It’s certainly a mistake to read a newspaper while at the beach; sea breezes whirl the pages away, creating a nuisance, and—even worse—my mind is whirled away from the beautiful long empty stretches of sand and water here at Truro’s Ballston Beach. A fifty dollar parking sticker is required to park at this beach for one week, but the money goes to the town of Truro, and the privilege of being on a nearly empty North Atlantic beach is worth the price.
But, being a newspaper hound from way back and still not firmly committed to the digital version, I couldn’t resist picking up last Sunday’s New York Times’ Book Review, one of the few review sections left, to see what my fellow writers are doing.
I had already been for a walk on Ballston Beach and noticed that there are no more shells or even shards of shells. The surf always broke up a lot of what it deposited at the tideline, but now even those bits and pieces are gone. We know why. The pristine beach and water may disguise what is happening to the ocean, but the empty sands tell the story. One small partly dismembered crab was all that was left of what was once a treasury of starfish, horseshoe crabs, sand dollars (my father offered a dollar for the first sand dollar one of us found) and the tiny golden shells whose name I’ve forgotten that we called fingernails because that’s what they looked like.
All gone. The children trudging to the beach this morning won’t know what they are missing, including the little boy’s joy—turning horseshoe crabs on their backs and filling the feebly waving legs with sand.
After reading the Times’ reviews, I’m wondering if, as I have suspected, we women writers are also endangered, in a novel way.
Studies have been published announcing the obvious: books by women, and reviews by women, are much less often published, at least in the few print outlets, than men’s. This has been a problem for a long time; recently someone found that the venerable New York Review of Books, whose birth I was peripherally involved in but which has never reviewed my books, publishes only twenty percent of its reviews of books by women.
The New York Times seems to have tried, recently, to right this balance. I noticed in this most recent issue—and I have a hunch this would be proved in other issues as well—that an amazing sixteen reviews of books by women were presented out of a total of twenty-three reviews. And fifteen of the reviews were written by women.
This seems to prove that the editors are making a brave attempt to change the numbers. But something else is noticeable, too: nine of the book jacket photos printed with the reviews were of remarkably pretty young women (some probably taken years earlier) while only two were of women clearly over fifty. The few book jacket photos of men were taken from a distance; Jay McInerney’s over-forty close up was the exception. He shows a bit of gray hair, but he is quite cute.
The wonderful Joy Williams, exuberant and expressive, is the great exception; I remember first finding her short stories when teaching a Freshman English class years ago. She is perhaps too well known now to be represented by a younger face.
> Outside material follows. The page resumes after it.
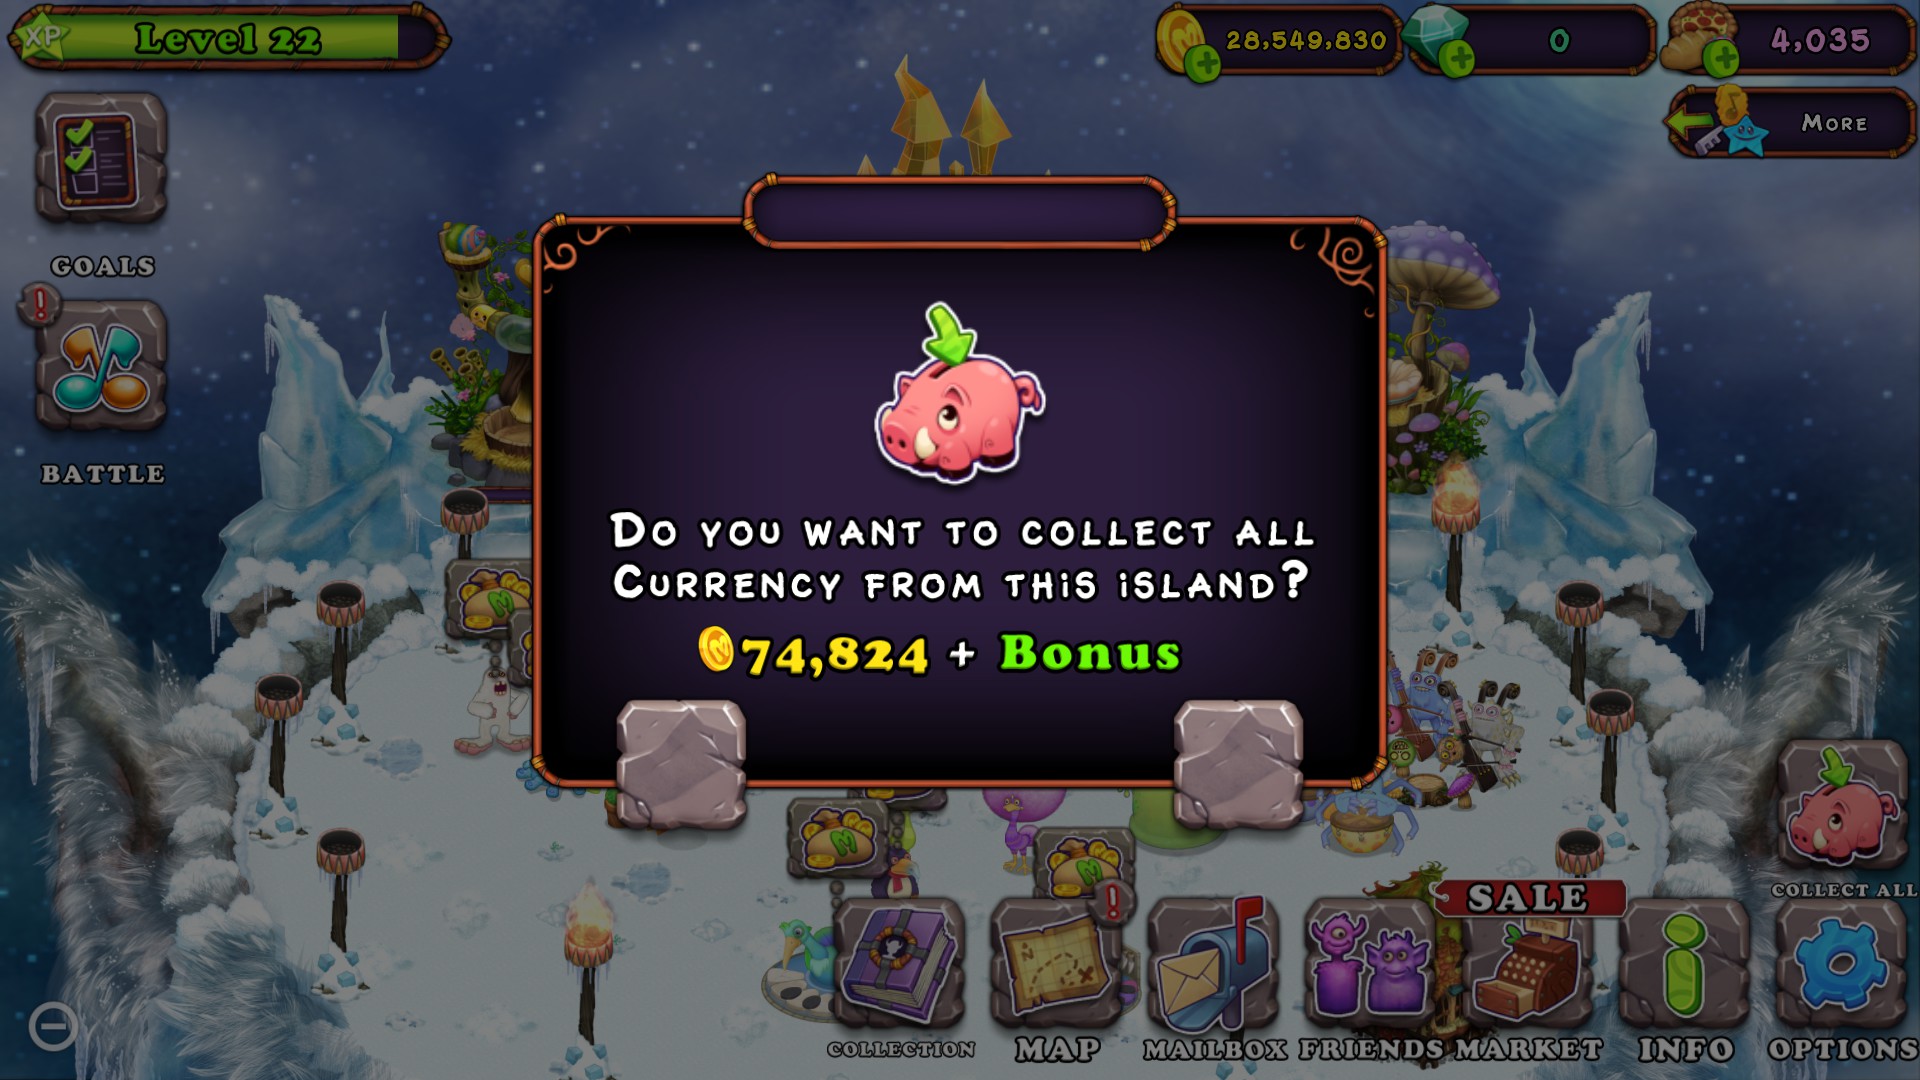 My Singing Monsters (Steam) - The Cutting Room Floor

We have all known forever that publishers want young pictures of women writers for book jackets and reviews, and many of us, including me, have from time to time succumbed. But what does this say about our ability, as we come into our full power, to be published at all?
Recently I’ve learned of the fate of two non-fiction books by young women friends of mine, both published by major publishers who then have done little or nothing to promote them; that is now the task of the writers, in addition to accepting usually tiny advance. Even more alarming, though, than the lack of promotion is that the editors at these houses insisted on each of these writers removing, or severely curtailing, her voice; as a result, the books are largely anodyne interviews and research that show no particular point of view.
Even journalists have long ago admitted that there is really no such thing as objectivity, and that telling both sides of a story leads to a boring, and unconvincing, neutrality; yet this attempt to curtail women writers’ voices seems to suggest the outdated notion that there is such a thing as “objectivity” in non-fiction.
We have usually been granted a little more leeway when writing fiction and poetry, traditionally defined as what we both write and read, but now that we have distinguished women biographers and historians, coming into their full power in middle age, we must wonder whether the emphasis on pretty faces means that the publishers do not accept our authority.
Women who try to survive on advances are few, but all of us believe that “the laborer is worthy of her hire,” especially when a full-length work of non-fiction may require five years of unpaid research and writing. No other business could get away with exploiting its workers to this degree, except perhaps in the so-called entertainment business where waiters have to try to survive on tips. And the publishers’ stinginess also means we miss the voices and points of view of working class writers who need to be paid a living wage for five years of labor.
But it is almost impossible to exist as a writer if one is not published, and so the exploitation and the dismembered work by women continues.
I’m beginning to believe the small press, or even self-publishing, are the only ways to go. We have to do all the work of selling our books anyway, and the editors at small presses are at least possibly less frightened by the authority of older women. They often don’t pay advances, or royalties—Sunstone Press in Santa Fe is the noble exception—but the money involved never did much to pay the bills anyway.
Above all, we must preserve the unique quality of our voices.
Jean-Marie Welch says
Self-publishing has slowly gained respect, and as I see it, has huge advantages- it frees one to experiment with form and presentation, combine genres if desired, and above all, to please oneself rather than an editor or publisher.